REQUIRED WORK => Exactly retype the lines below from the one containing "Denim Patch High" through the end of the listing. Leave pictures out.

SUPPLIED MATERIAL =>
BEGIN
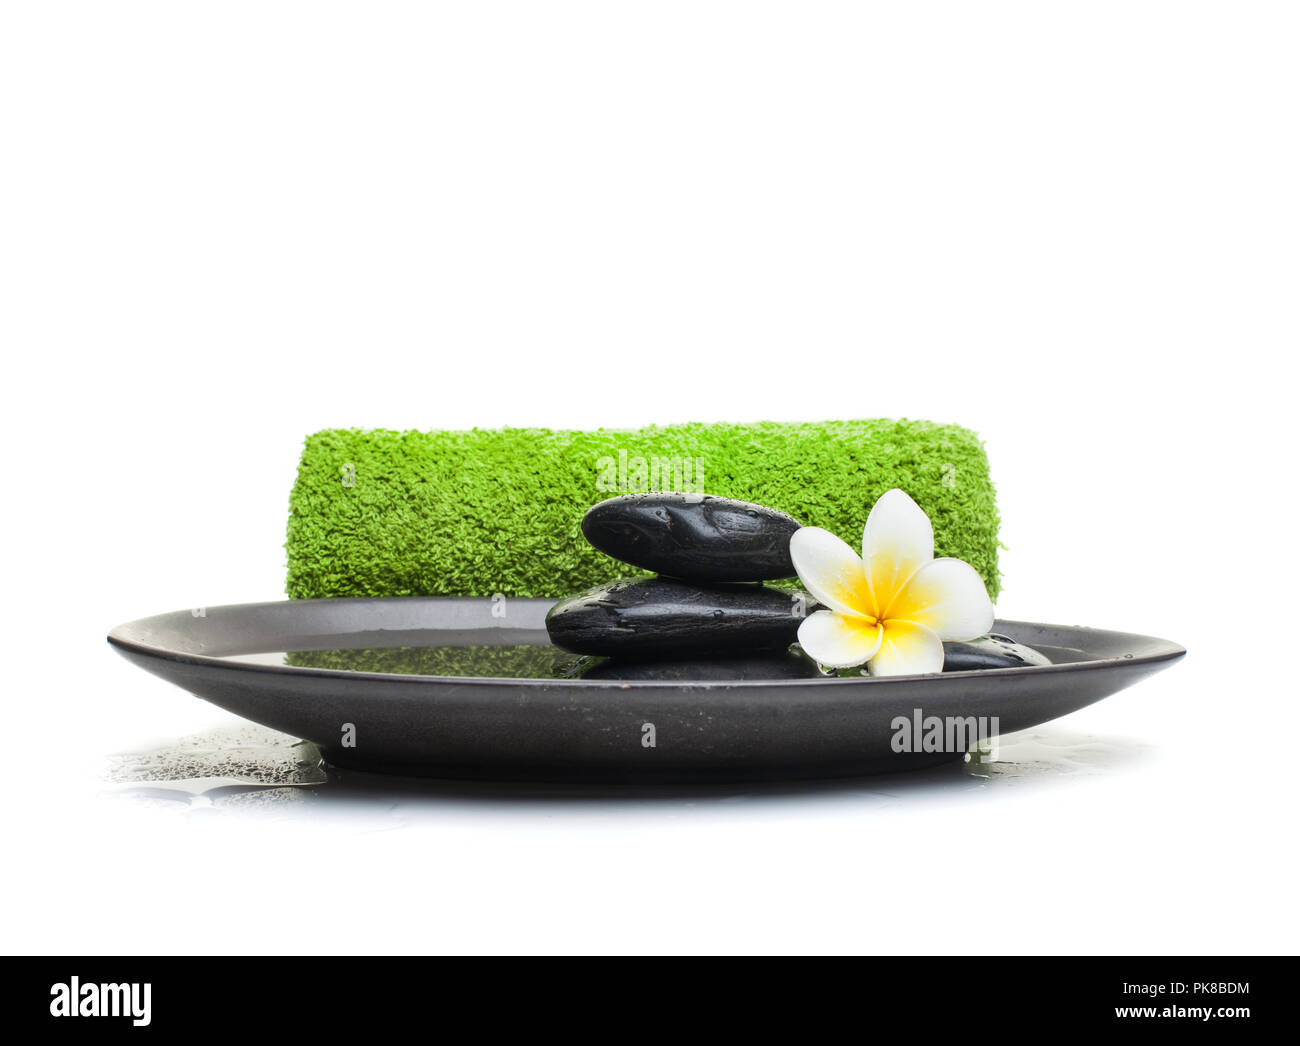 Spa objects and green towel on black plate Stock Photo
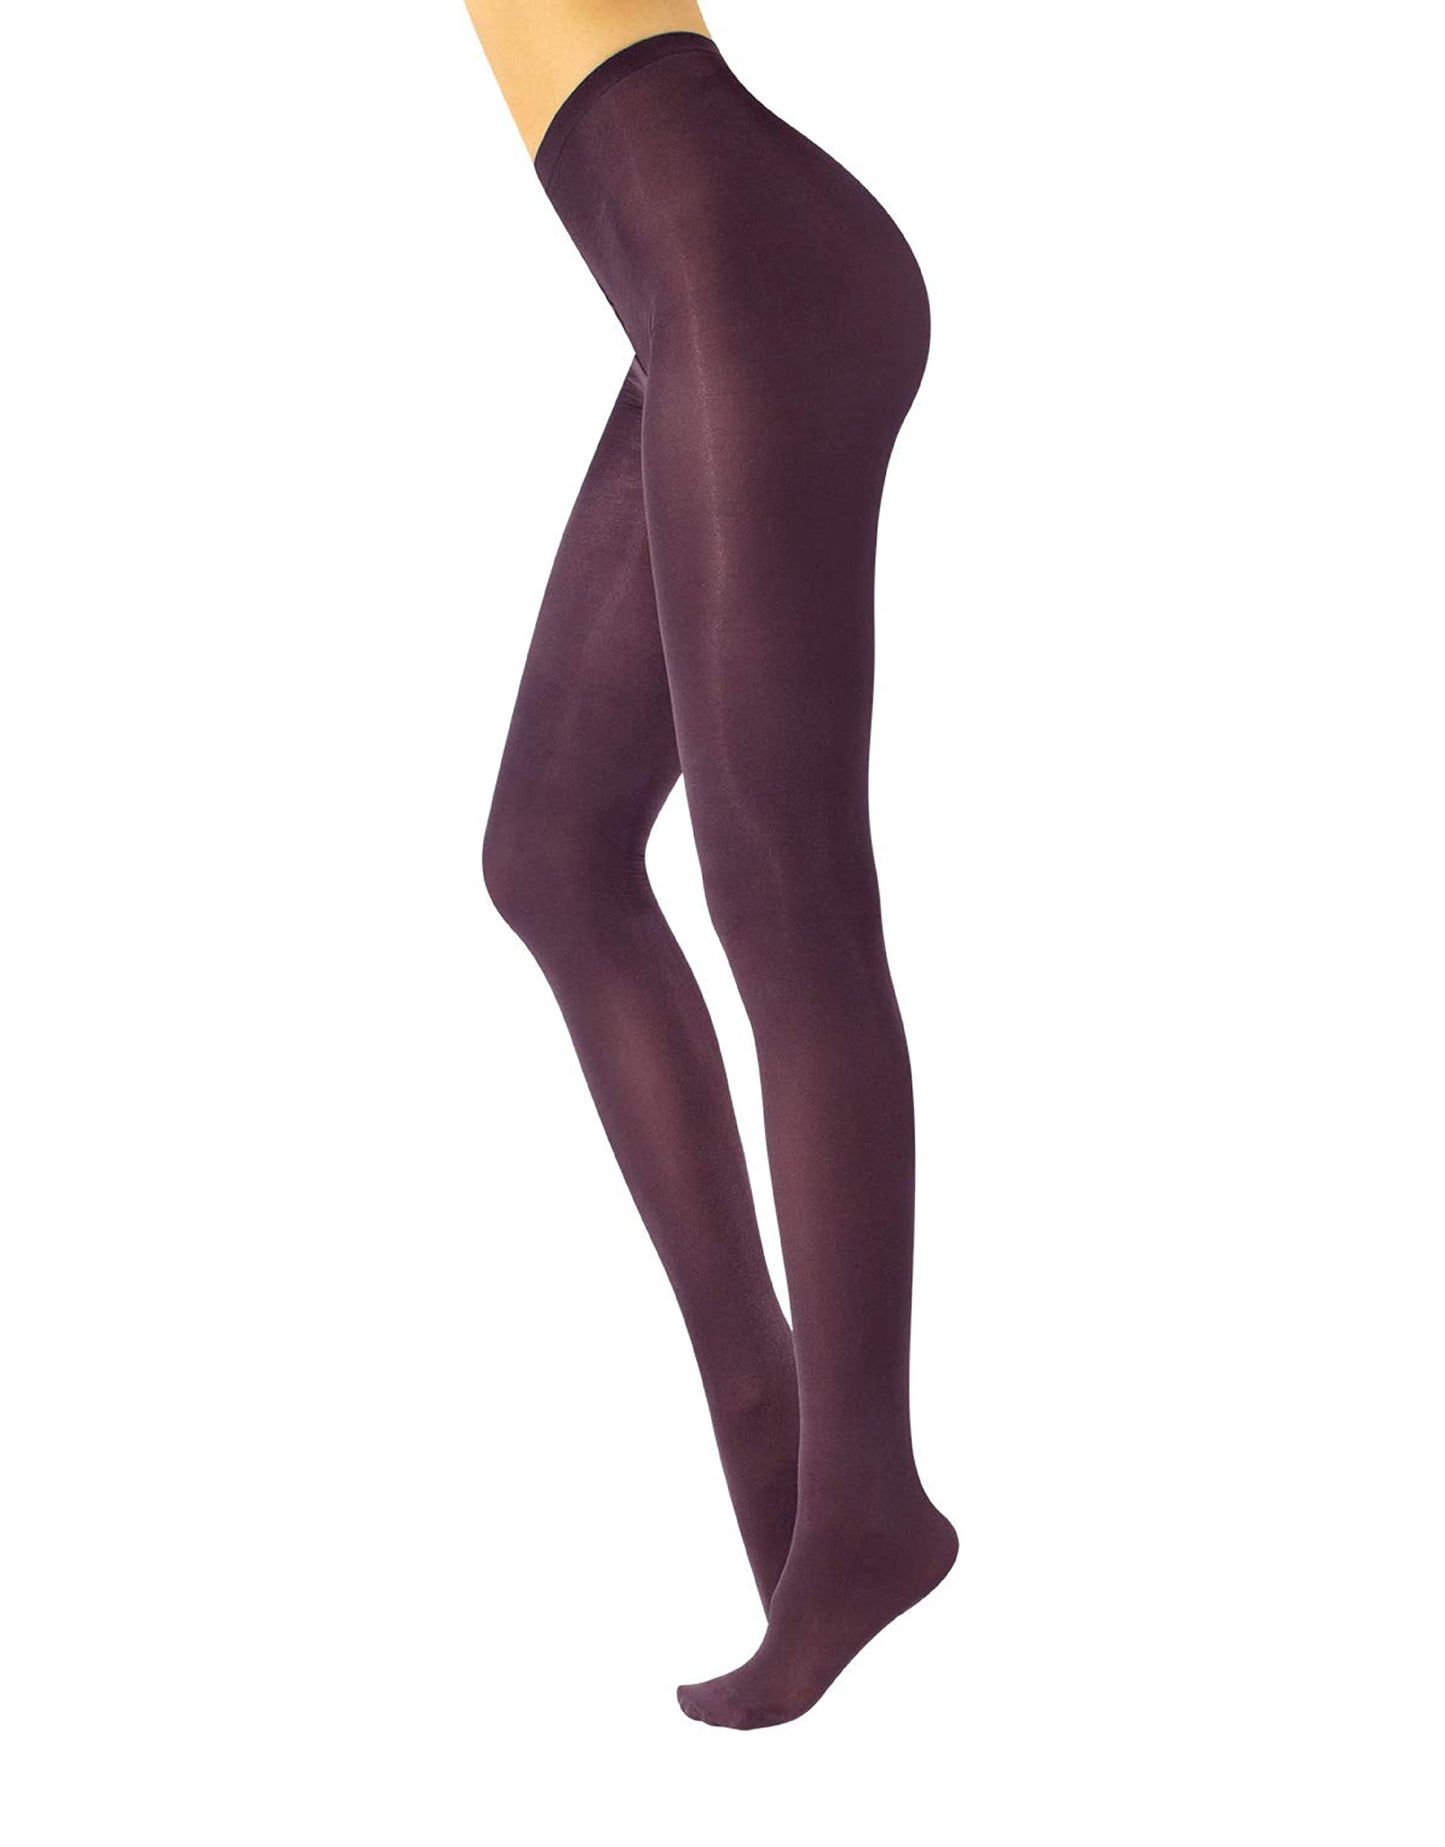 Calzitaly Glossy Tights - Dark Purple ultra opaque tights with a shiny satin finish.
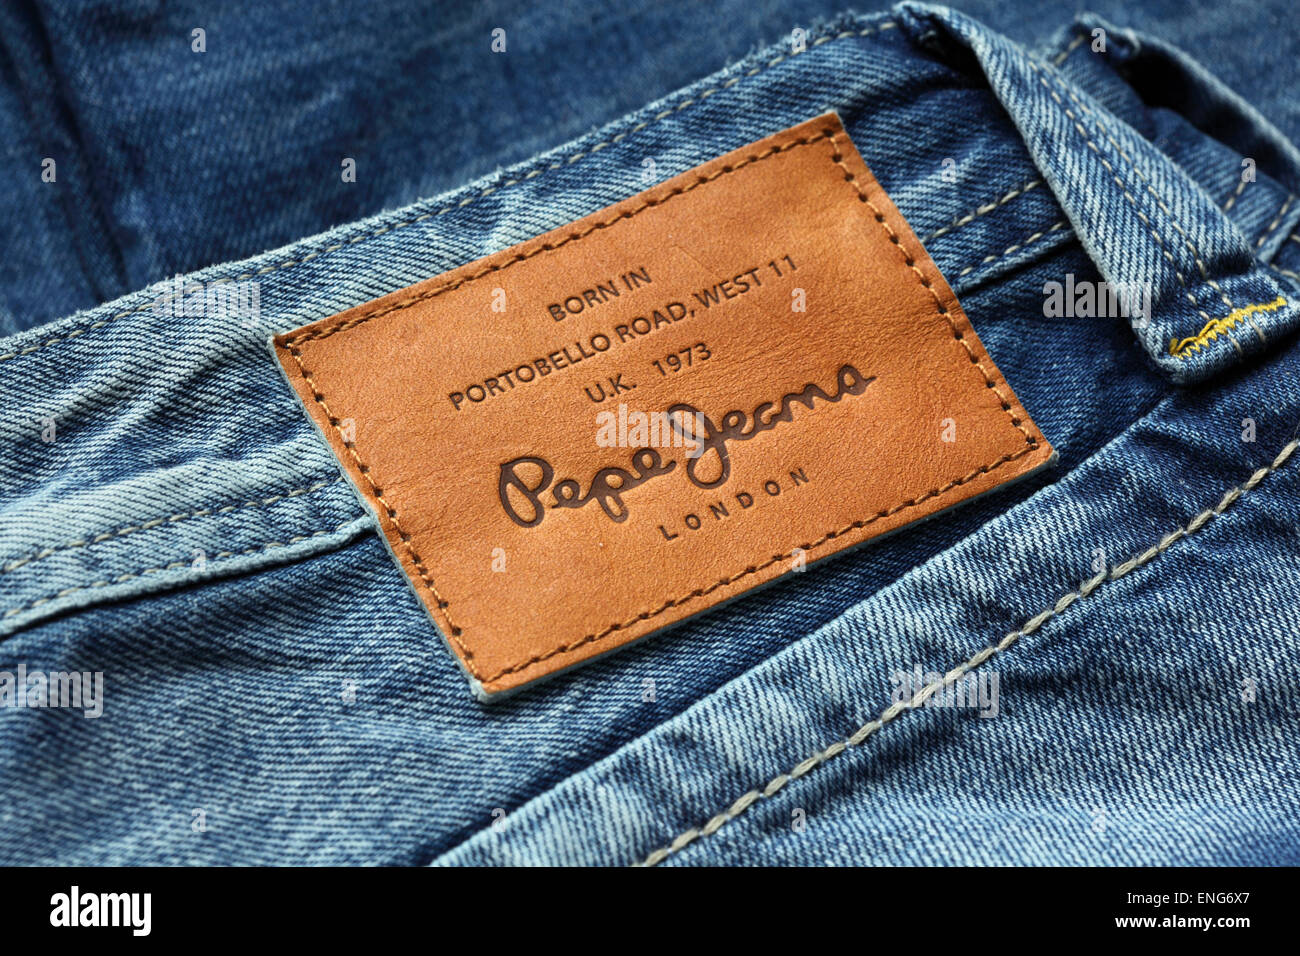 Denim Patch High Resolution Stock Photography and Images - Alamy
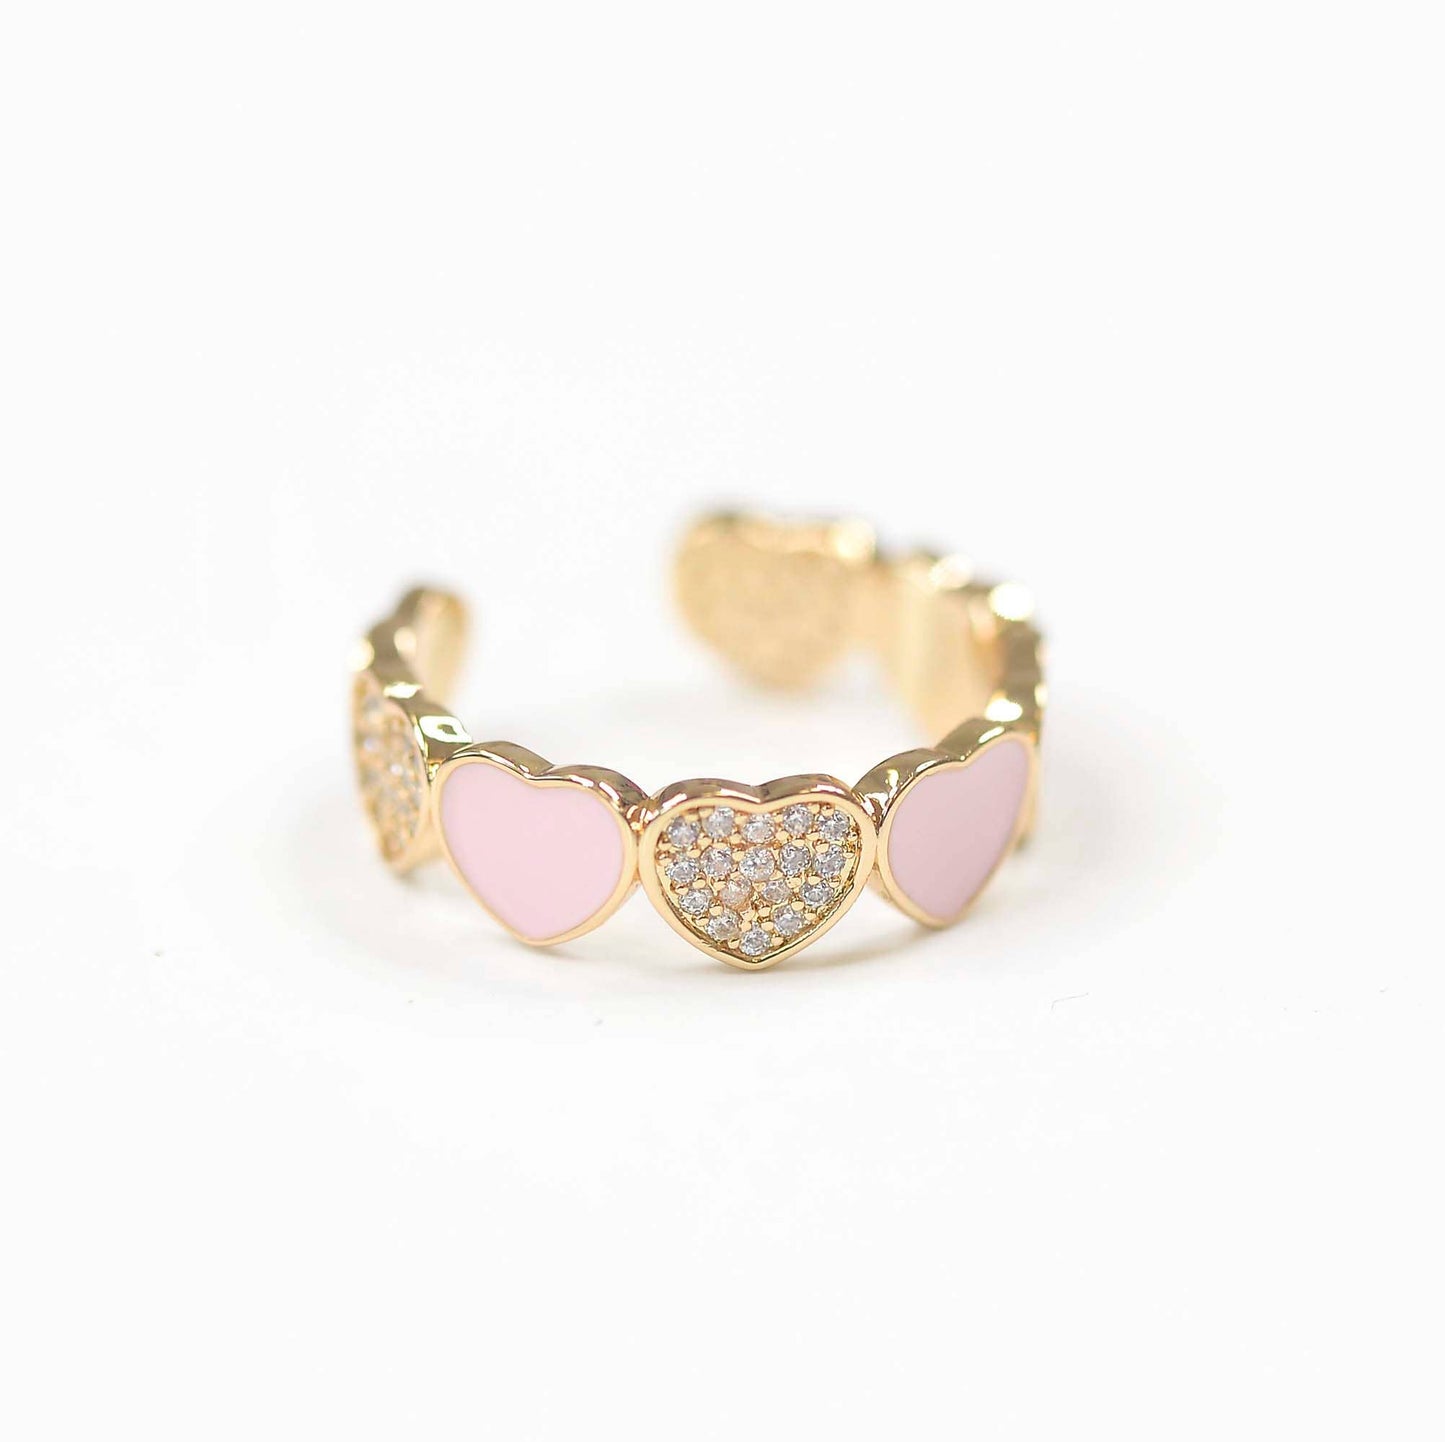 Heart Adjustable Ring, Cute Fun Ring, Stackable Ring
END
COMPLETED TASK =>
 Denim Patch High Resolution Stock Photography and Images - Alamy
 Heart Adjustable Ring, Cute Fun Ring, Stackable Ring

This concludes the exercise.